Я ошеломленно оглянулась на воинственно настроенную переводчицу. Впрочем, удивилась не я одна. Шеф хмыкнул:

– Ладно. Будем надеяться, что Диарелли – здравомыслящий человек. И этого недоделка мы сегодня видели в первый и в последний раз.

Я поежилась под пристальным взглядом Борисыча:

– Аня, сильно пострадала?

Я передернула плечами:

– Несколько синяков. Просто неприятно.

– Как себя чувствуешь?

Я опять пожала плечами:

– Сносно. Но уже устала.

– Тогда иди отдыхай.

– Спасибо, Борис Викторович. Увидимся завтра.

– Я провожу! – Коля даже подскочил на месте.

А я поморщилась. Ипатов как с ума сошел в Италии. То только смотрел на меня. И то изредка. А то вдруг права начал предъявлять. И я не знала плакать мне или смеяться.

Ипатов не обратил внимания на мои гримасы и пристроился сбоку. Слава богу, даже не пытался взять под руку.

Мы молчали всю дорогу до моего номера. Но, когда я уже отперла дверь и понадеялась ускользнуть, отделавшись малой кровью, Коля ухватил меня за руку:

– Аня, погоди.

Я молча уставилась на Ипатова.

– Прости меня. Я не думал, что этот итальянский придурок решится протянуть свои клешни к тебе. Не уследил.

Я пожала плечами:

– Не бери в голову. Идиотов везде хватает.
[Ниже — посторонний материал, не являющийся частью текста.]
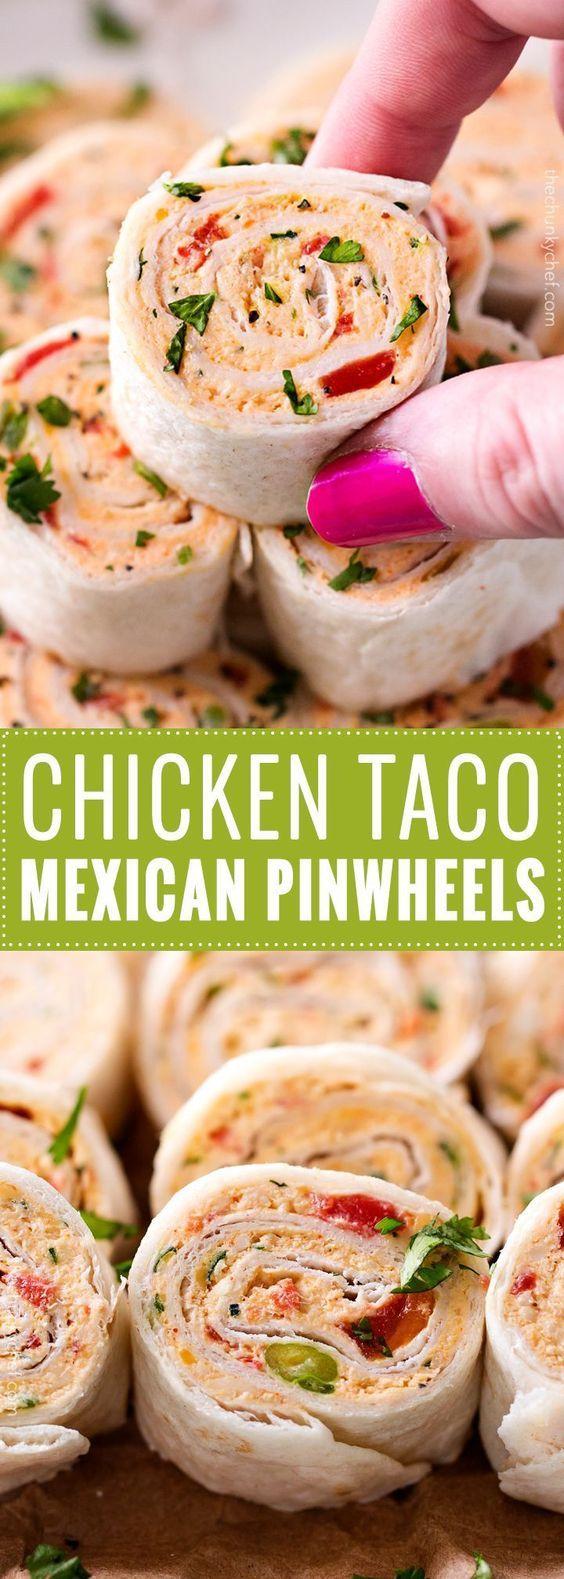 CHICKEN TACO MEXICAN PINWHEELS #appetizer #chicken #taco #mexican #pinwheels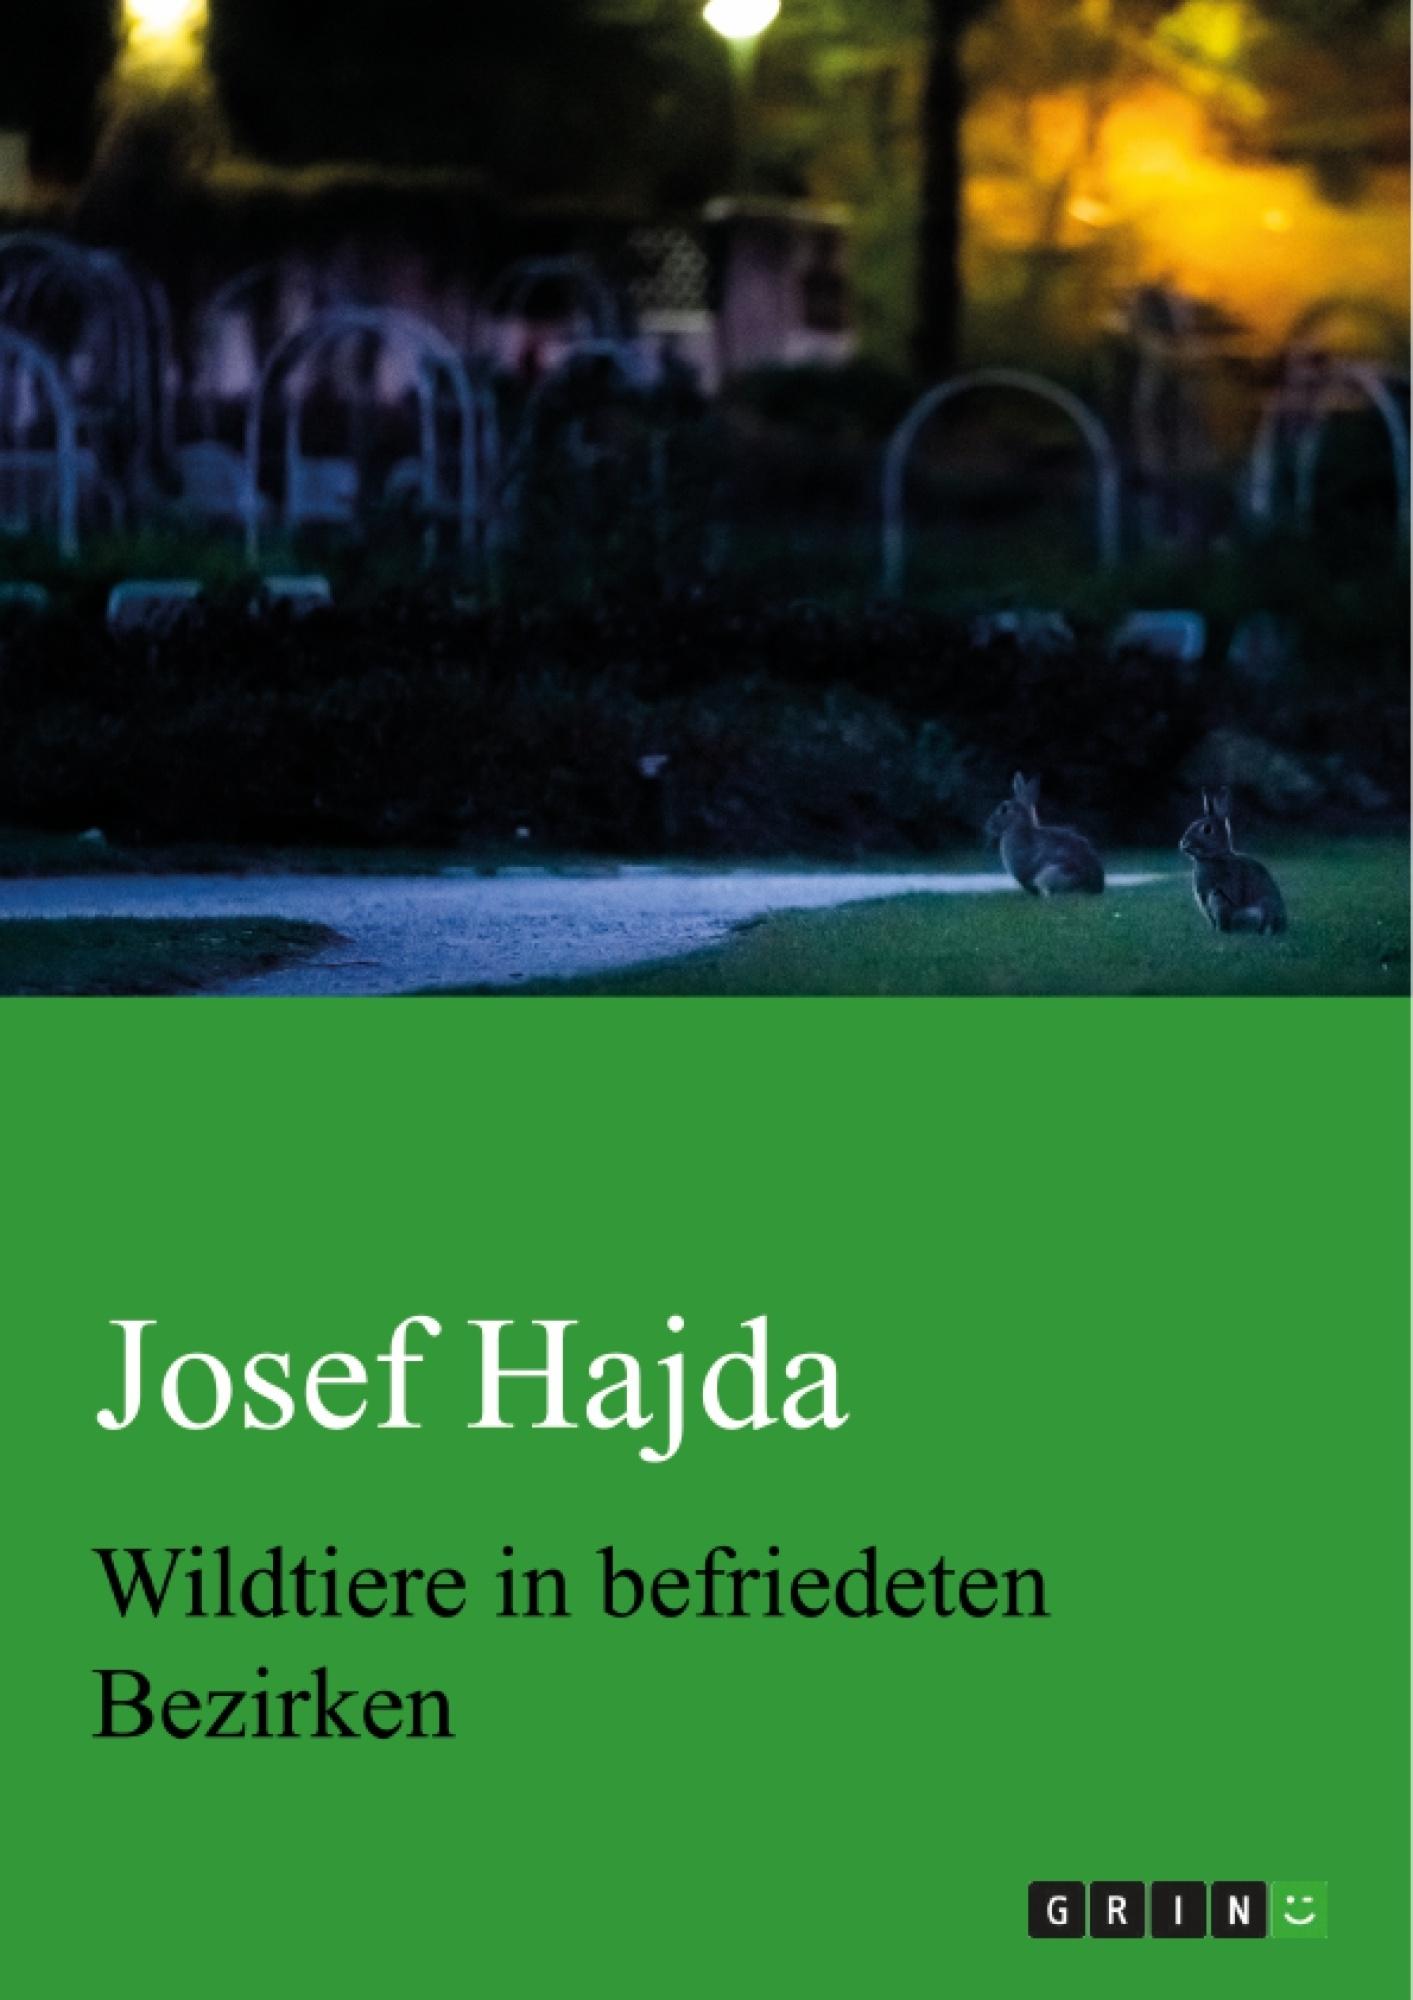 Titel: Wildtiere in befriedeten Bezirken

Ипатов радостно улыбнулся:

– Ань…

Я осторожно выдернула свою руку из руки Ипатова:

– Коль, не надо.

– Я тебе не нравлюсь? Или у тебя кто-то есть?

Я посмотрела на напряженного Ипатова. Вот как ему объяснить?

Но пояснять ничего не пришлось. Коля догадался сам:

– Или ты до сих пор ждешь того му***, который тебя бросил?!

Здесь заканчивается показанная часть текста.